Option A: Option A is incorrect because captopril's sulfhydryl group does not react with gastric acid to form a pharmacologically inactive disulfide competitive antagonist; while sulfhydryl groups can undergo oxidation to disulfides in certain chemical environments, this is not the established mechanism of captopril's food interaction, which is pharmacokinetic (reduced bioavailability) rather than pharmacodynamic (formation of an antagonist).

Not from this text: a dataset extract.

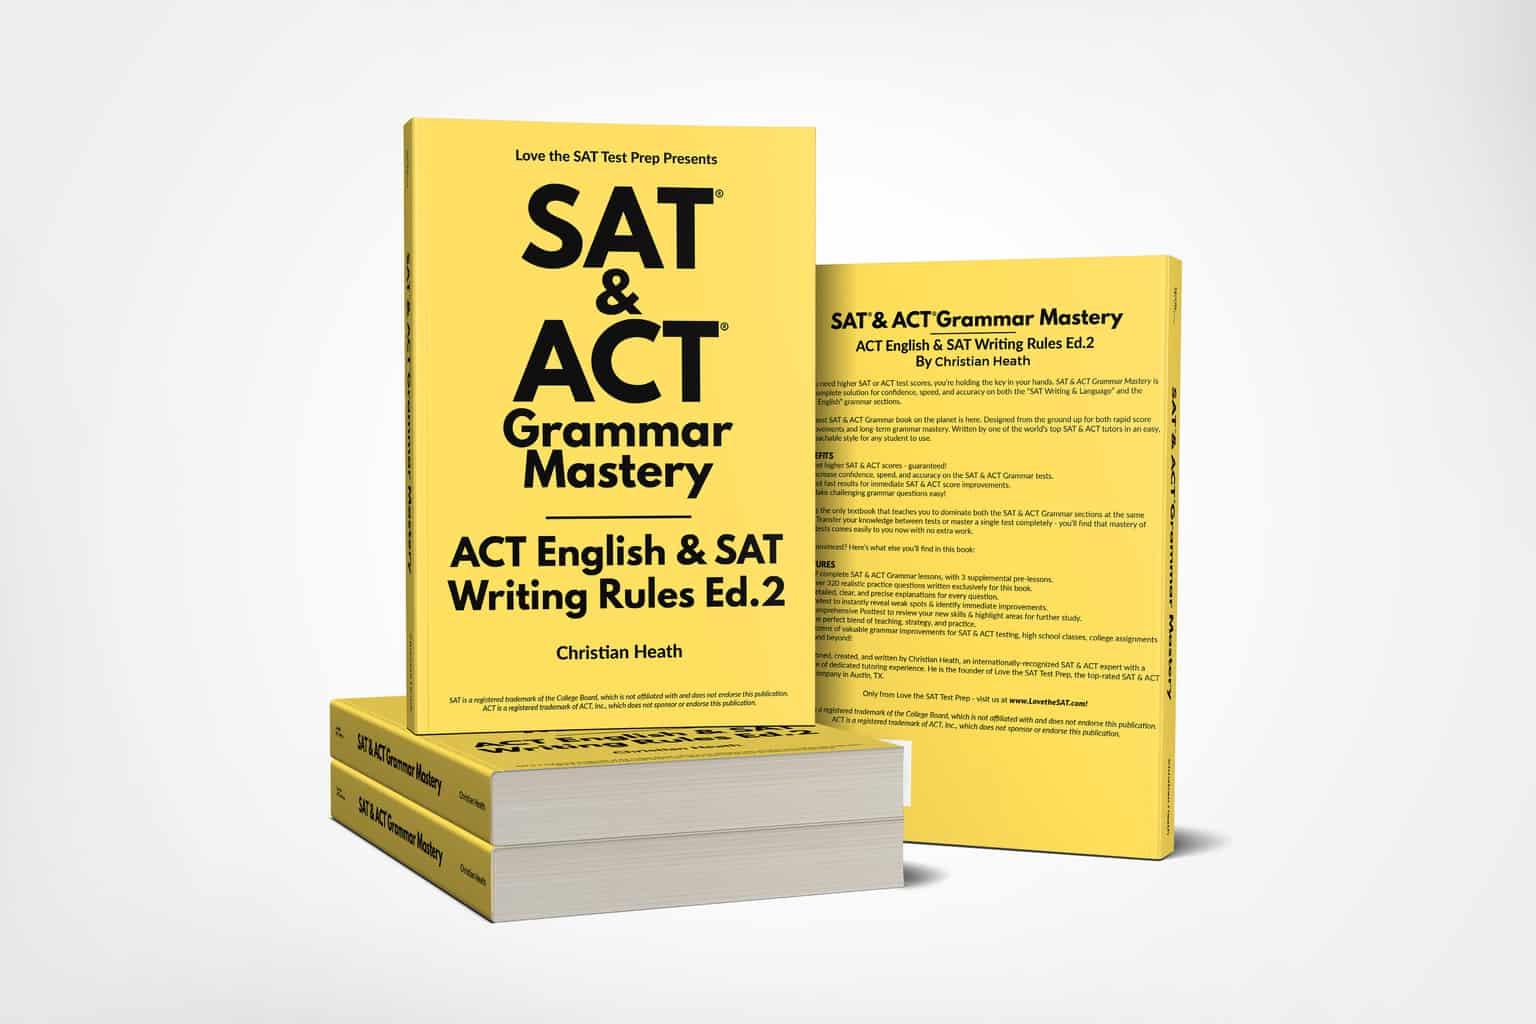 SAT & ACT Grammar Mastery: ACT English & SAT Writing Rules, Ed 2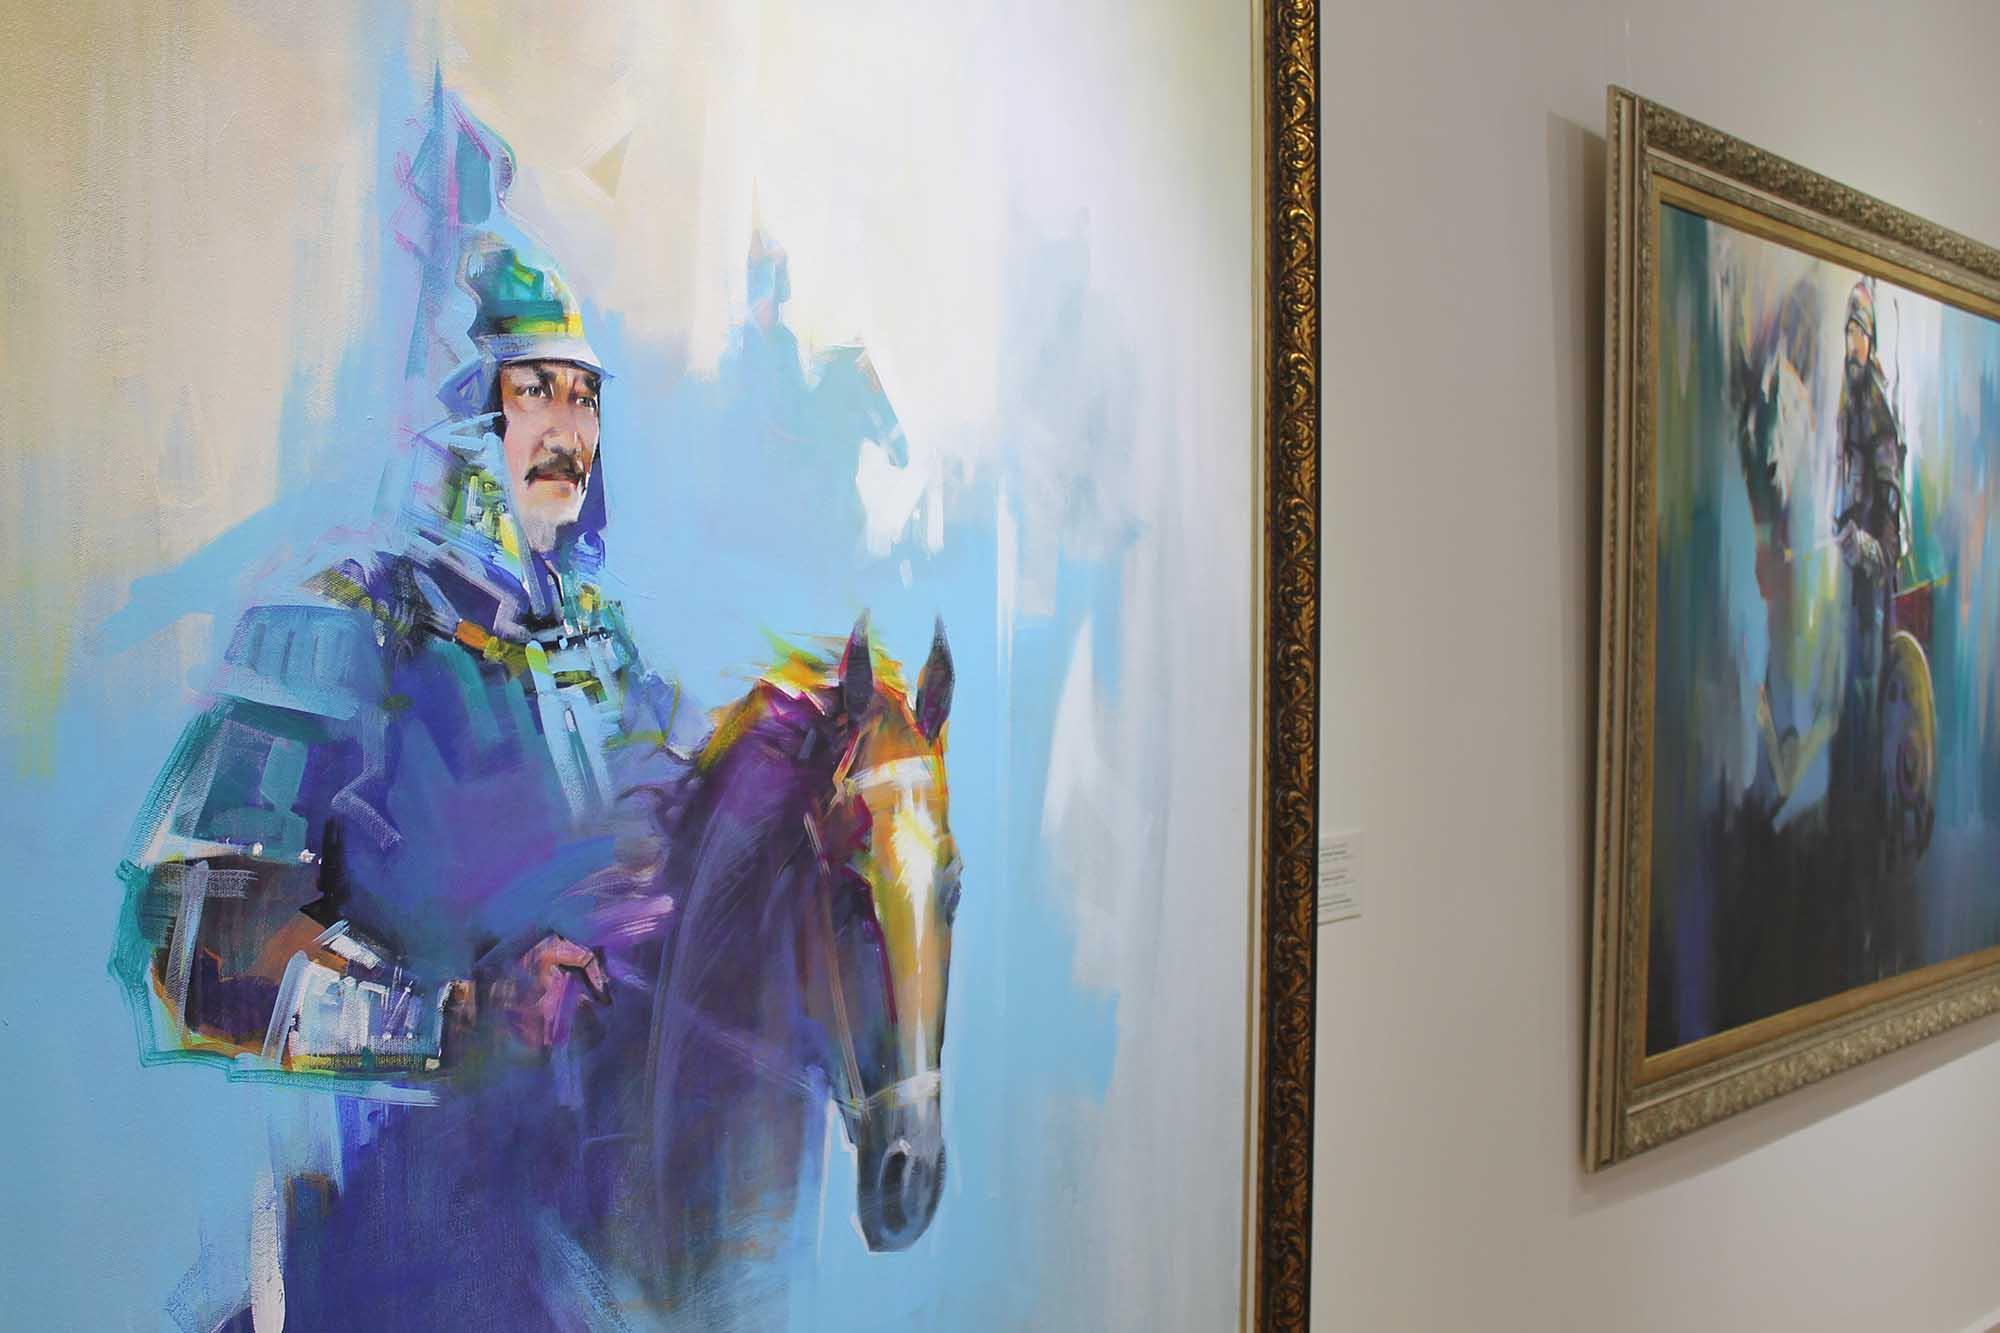 ҚР Қарулы күштерінің Әскери-тарихи музейі

Option B: Option B is incorrect because captopril is not metabolized by CYP3A4 and dietary fat does not induce CYP3A4 through bile acid secretion in a clinically meaningful way; captopril's food interaction is an absorption phenomenon, not a hepatic first-pass metabolism induction mechanism.
Option C: Option C is incorrect because captopril is not a prodrug — it is the only ACEi that is pharmacologically active as administered without requiring biotransformation; there is no captoprilat metabolite, and intestinal esterase activity is not involved in captopril's pharmacological activation.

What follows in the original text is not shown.